What you have to do: Among the records below, find the line with "Lego Table DIY: How" and the line with "Bronze medalist Bode". Set down both and every line between, exactly and with no pictures, but nothing else.

-------- Exercise data --------

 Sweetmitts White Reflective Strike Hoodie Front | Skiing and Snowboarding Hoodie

--------
-------- Exercise data --------

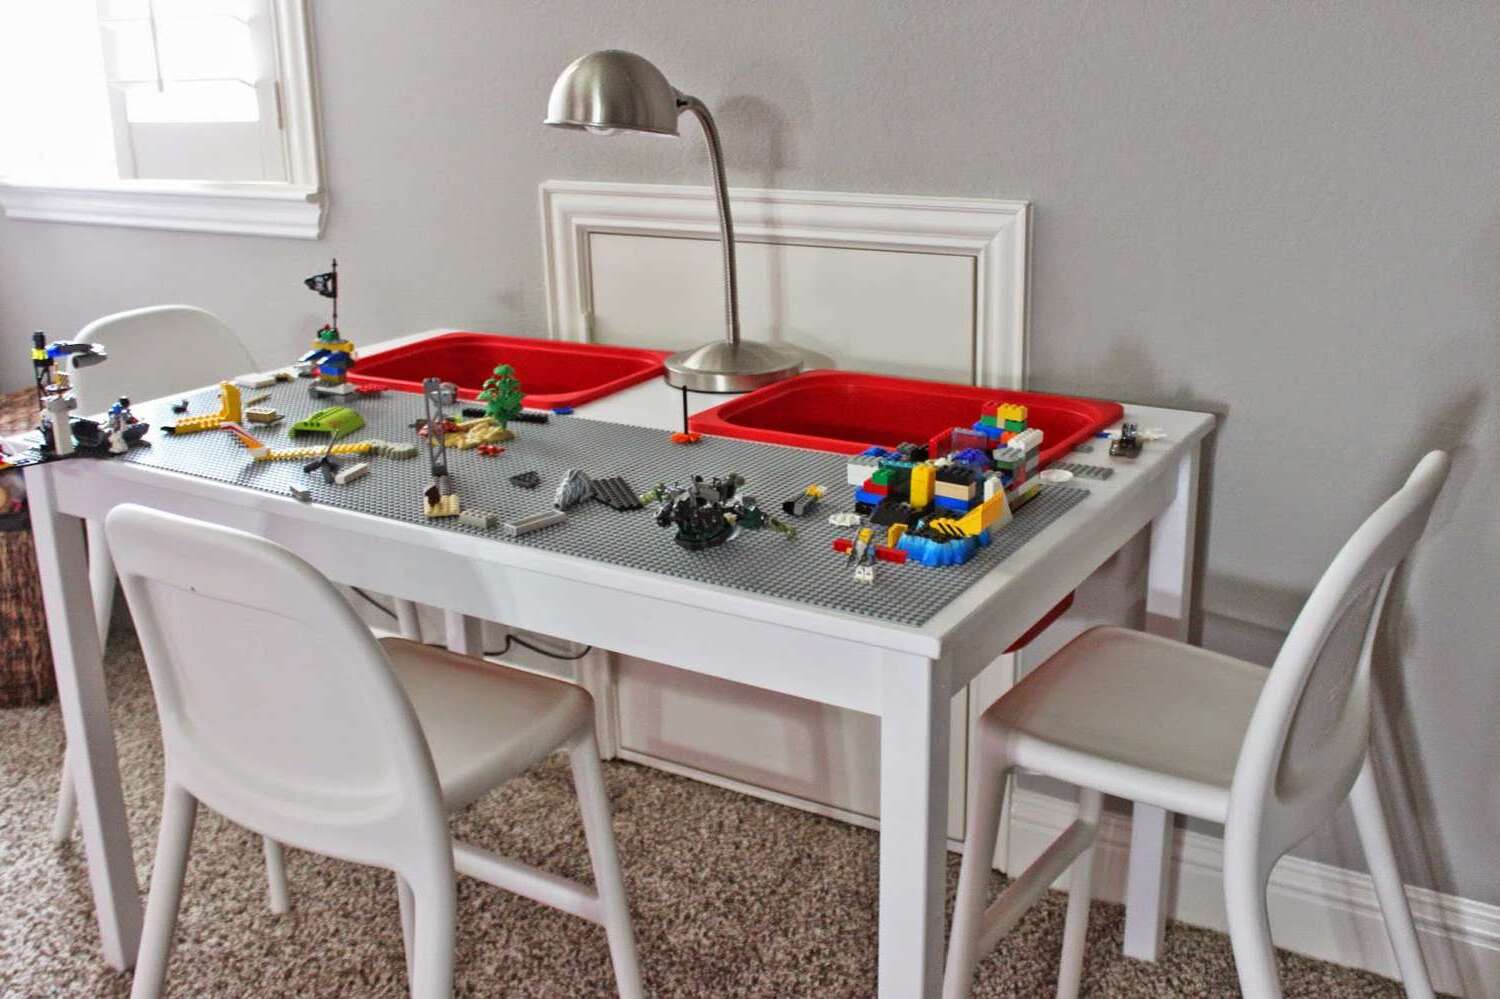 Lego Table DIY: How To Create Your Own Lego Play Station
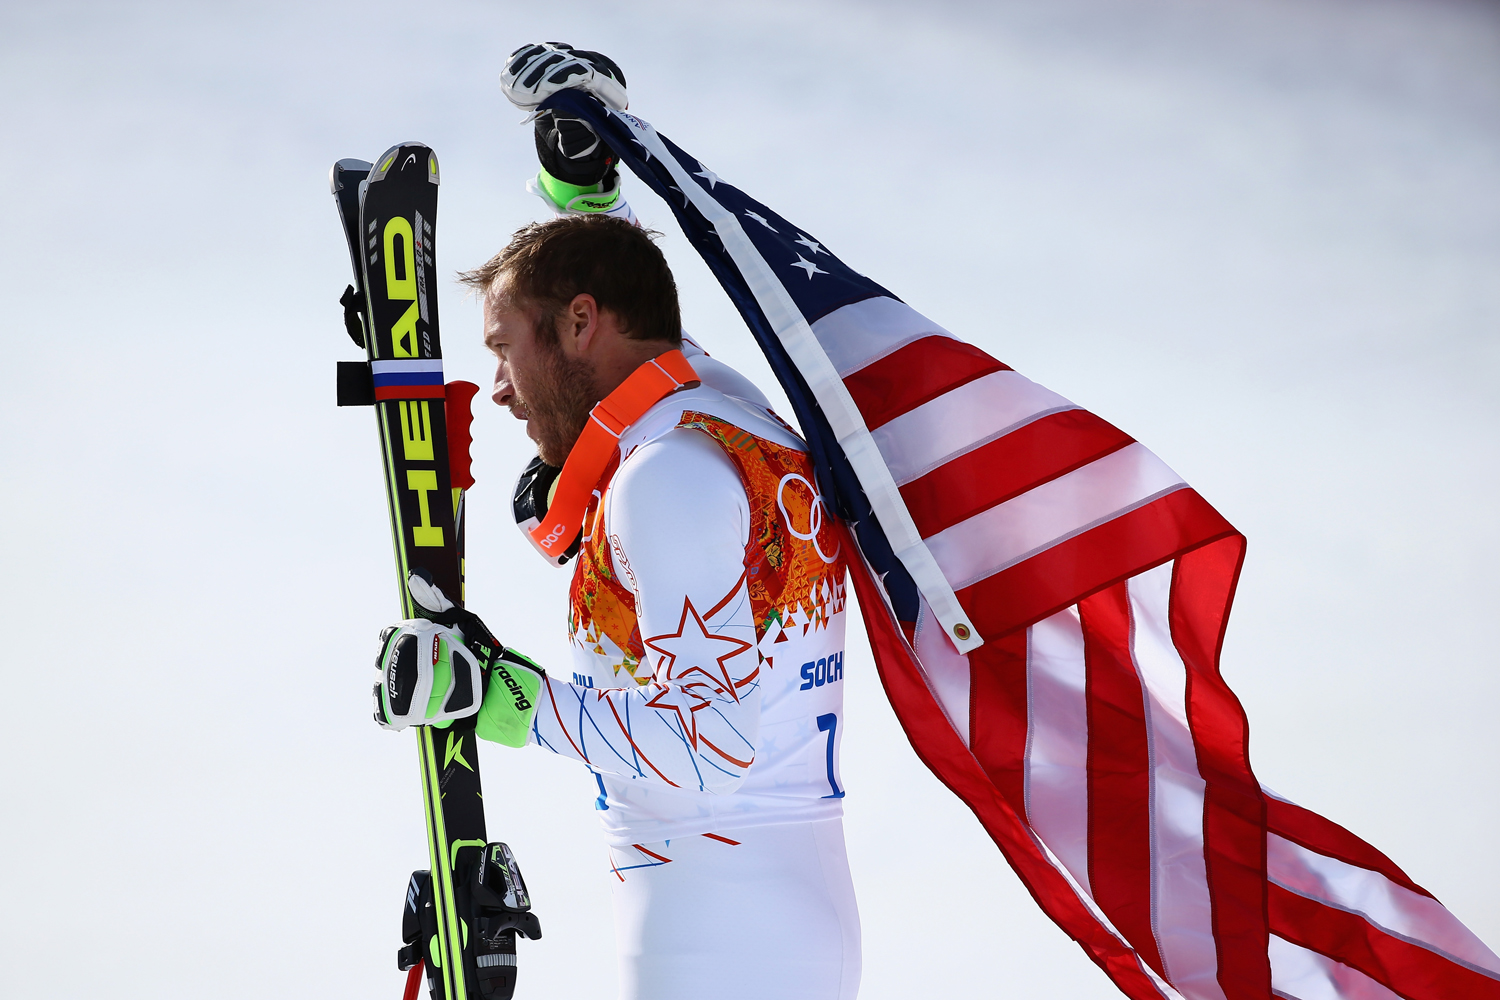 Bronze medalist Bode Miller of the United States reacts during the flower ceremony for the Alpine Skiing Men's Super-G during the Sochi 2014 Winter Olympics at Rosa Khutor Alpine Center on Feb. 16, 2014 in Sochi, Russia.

--------

Answer for the task:
 Lego Table DIY: How To Create Your Own Lego Play Station
 Bronze medalist Bode Miller of the United States reacts during the flower ceremony for the Alpine Skiing Men's Super-G during the Sochi 2014 Winter Olympics at Rosa Khutor Alpine Center on Feb. 16, 2014 in Sochi, Russia.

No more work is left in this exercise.